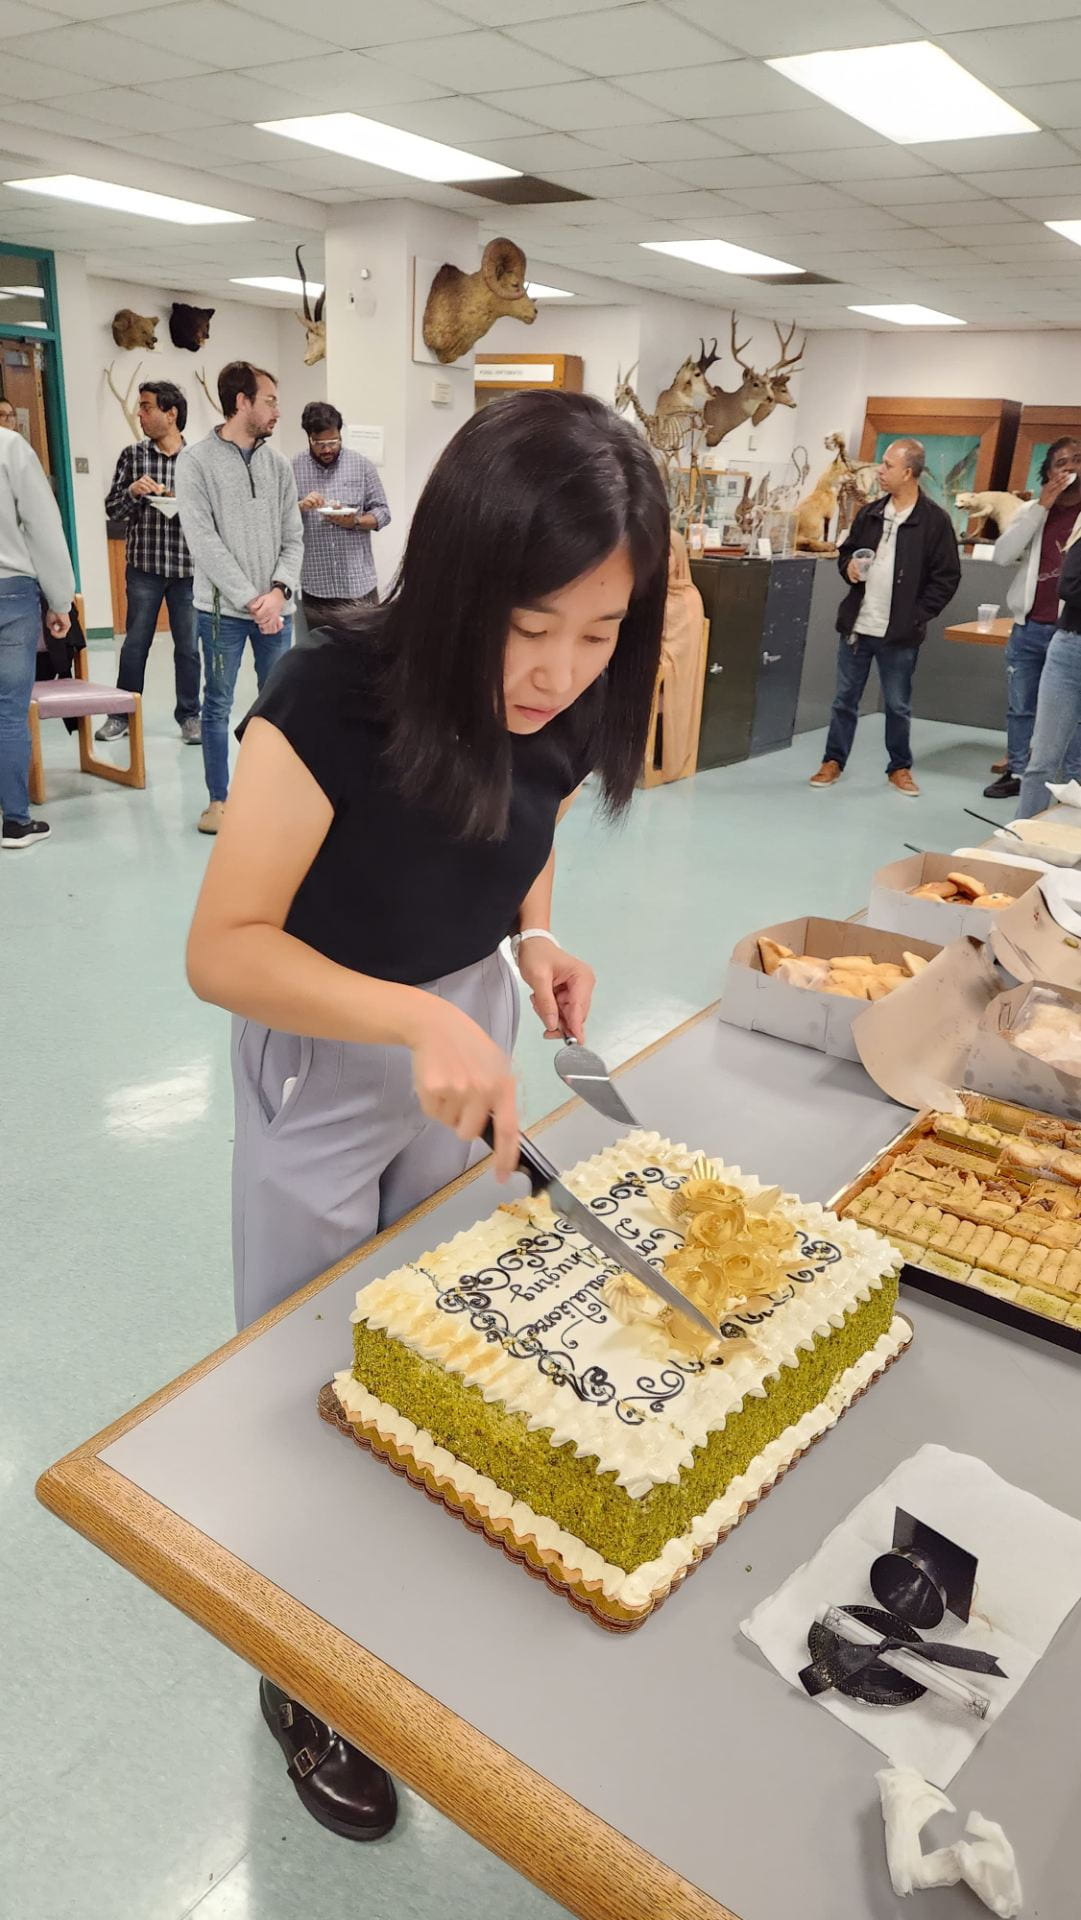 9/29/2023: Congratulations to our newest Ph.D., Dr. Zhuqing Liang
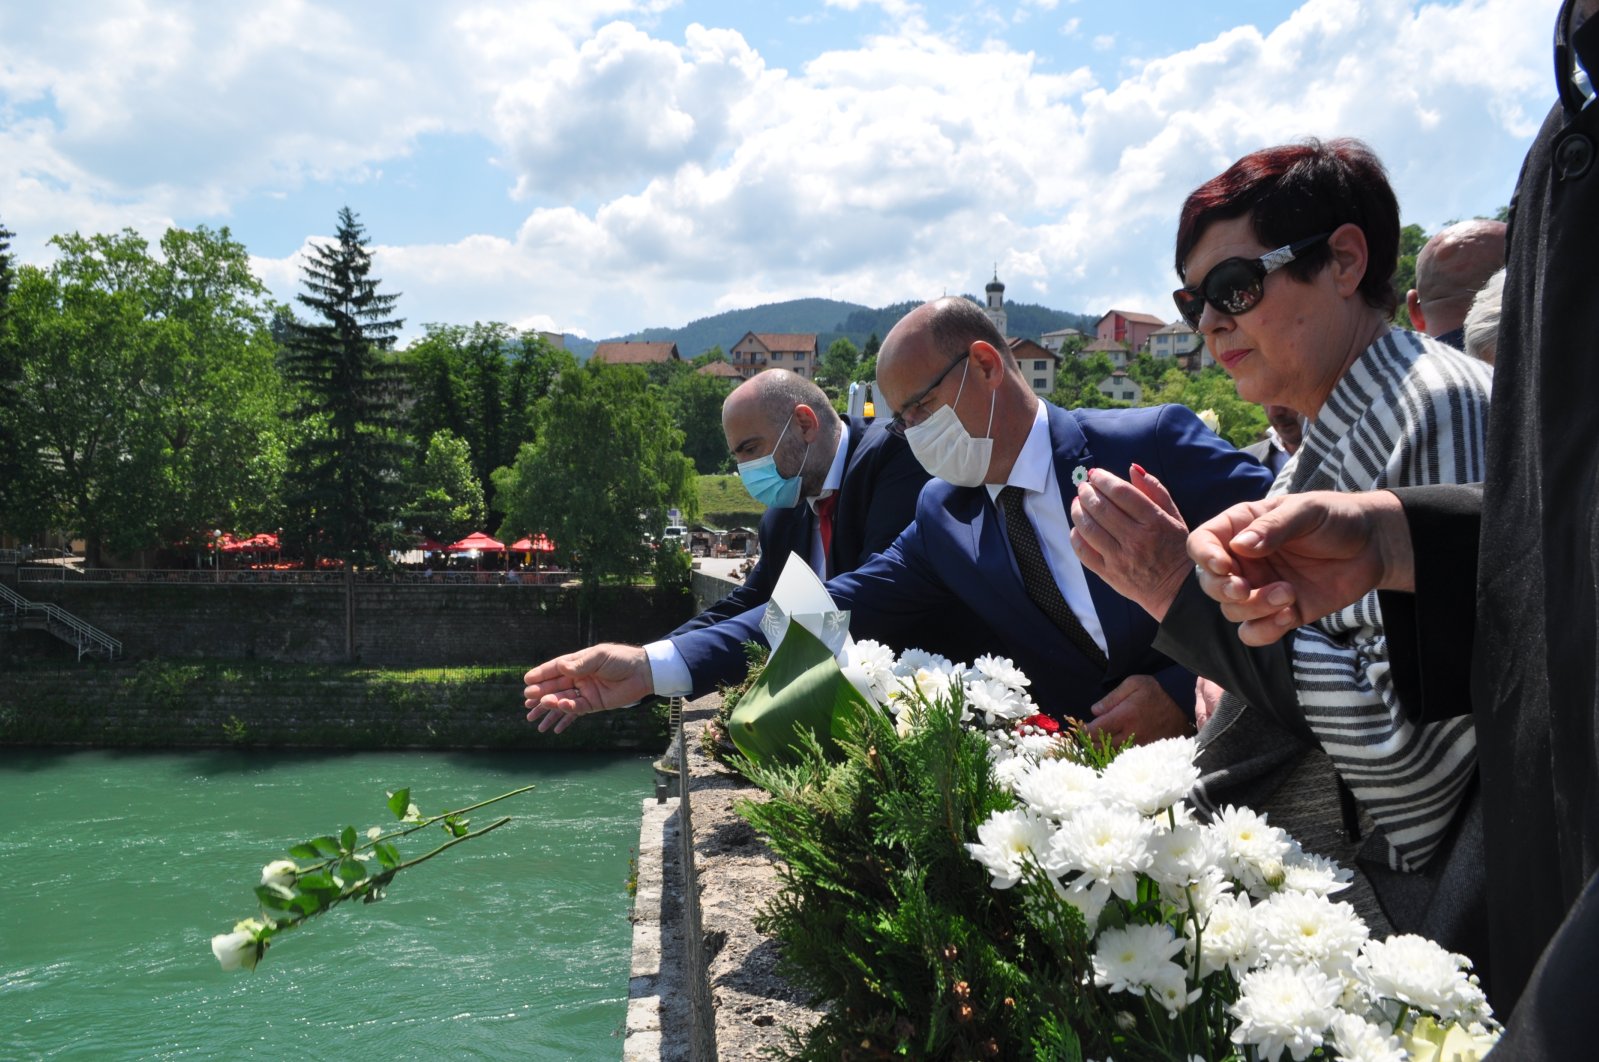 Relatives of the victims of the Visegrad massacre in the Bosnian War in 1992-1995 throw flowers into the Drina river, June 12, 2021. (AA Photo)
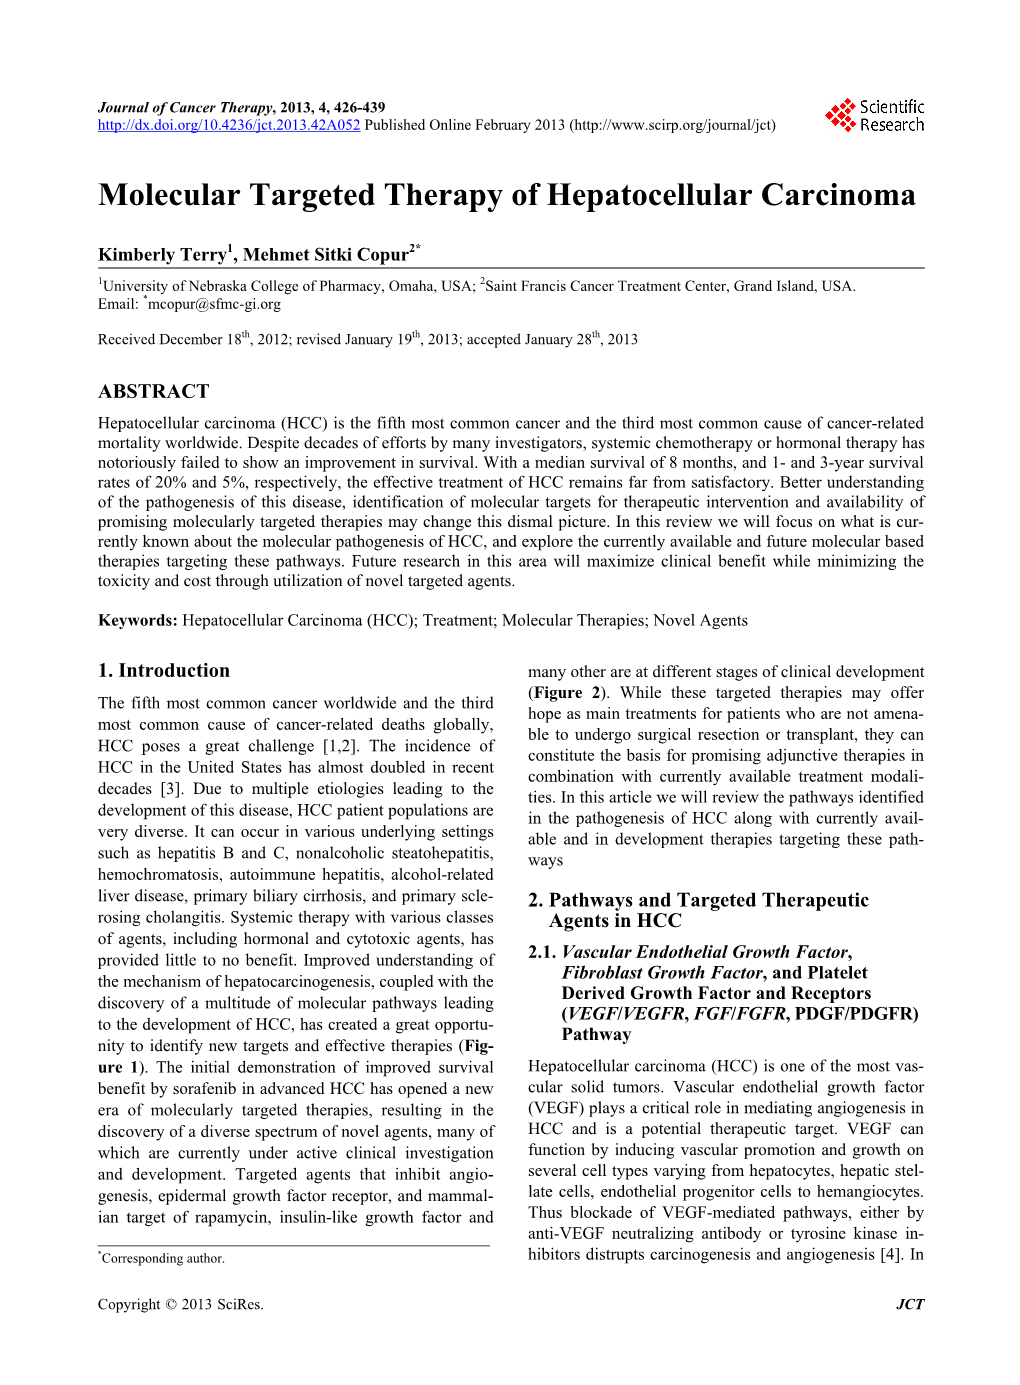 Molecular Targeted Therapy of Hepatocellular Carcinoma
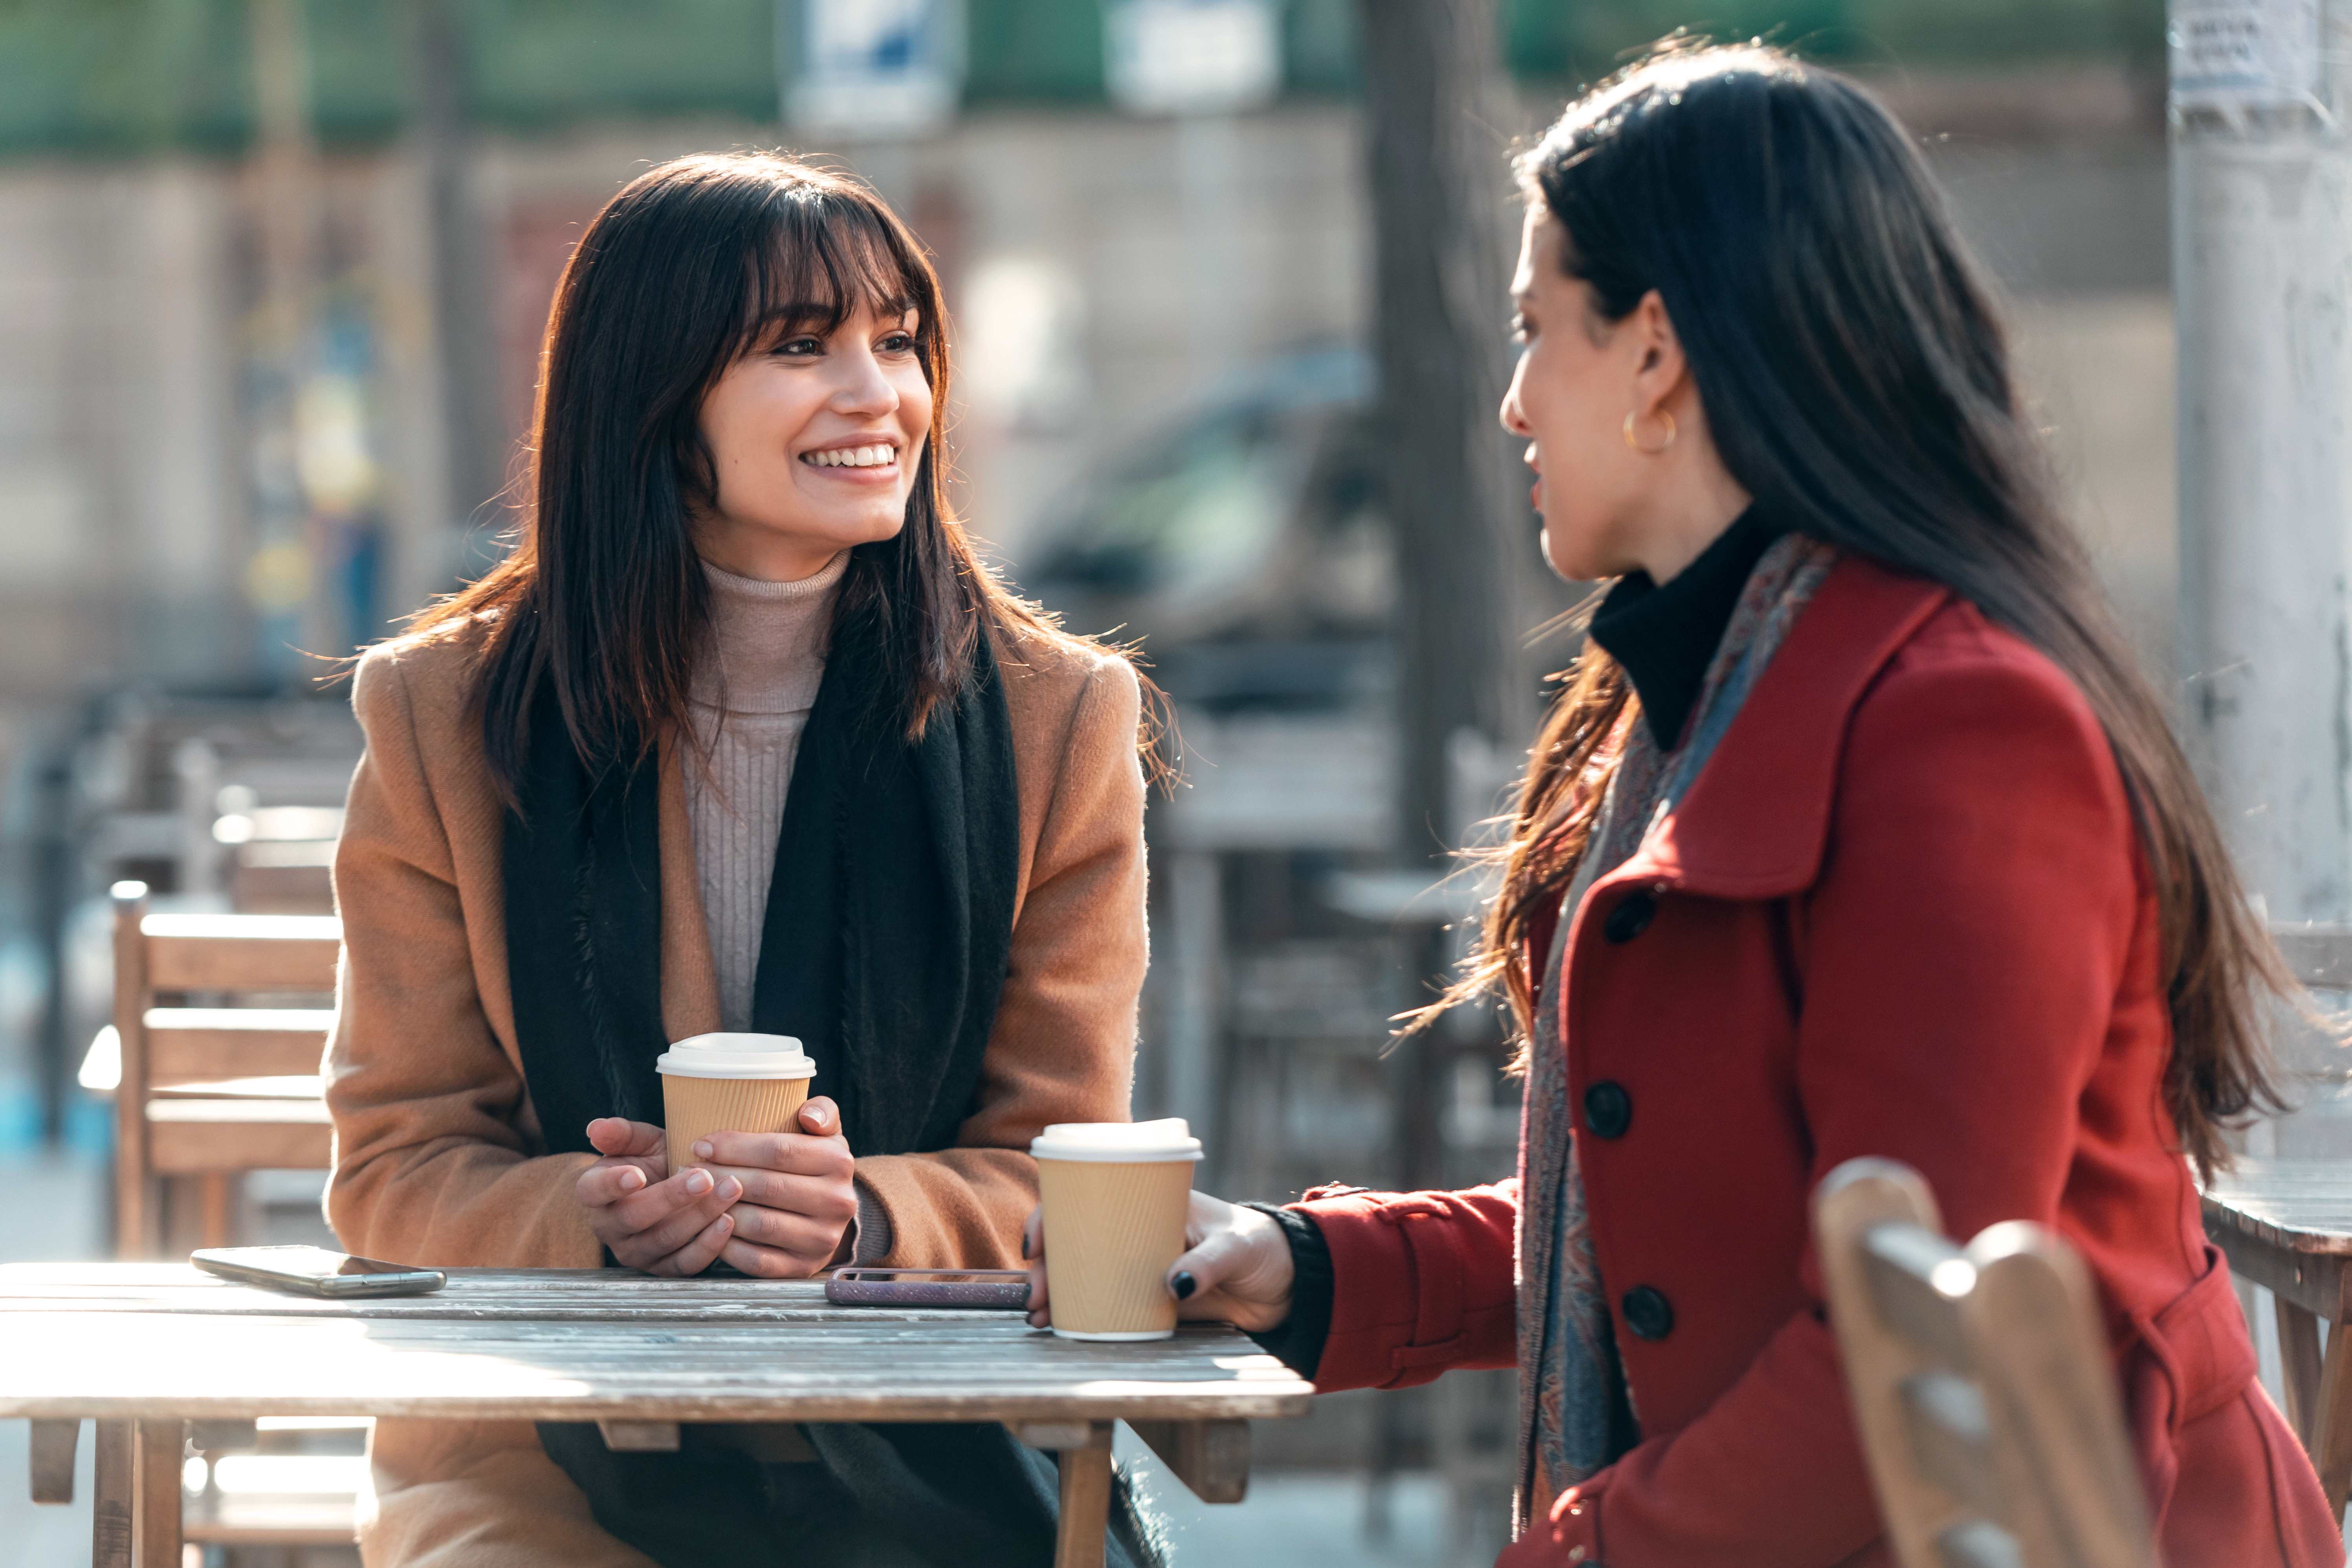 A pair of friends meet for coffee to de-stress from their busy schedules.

▸ Required work
Every line above is to be given again exactly, apart from the pictures.

▸ Expected answer
 9/29/2023: Congratulations to our newest Ph.D., Dr. Zhuqing Liang
 Relatives of the victims of the Visegrad massacre in the Bosnian War in 1992-1995 throw flowers into the Drina river, June 12, 2021. (AA Photo)
 Molecular Targeted Therapy of Hepatocellular Carcinoma
 A pair of friends meet for coffee to de-stress from their busy schedules.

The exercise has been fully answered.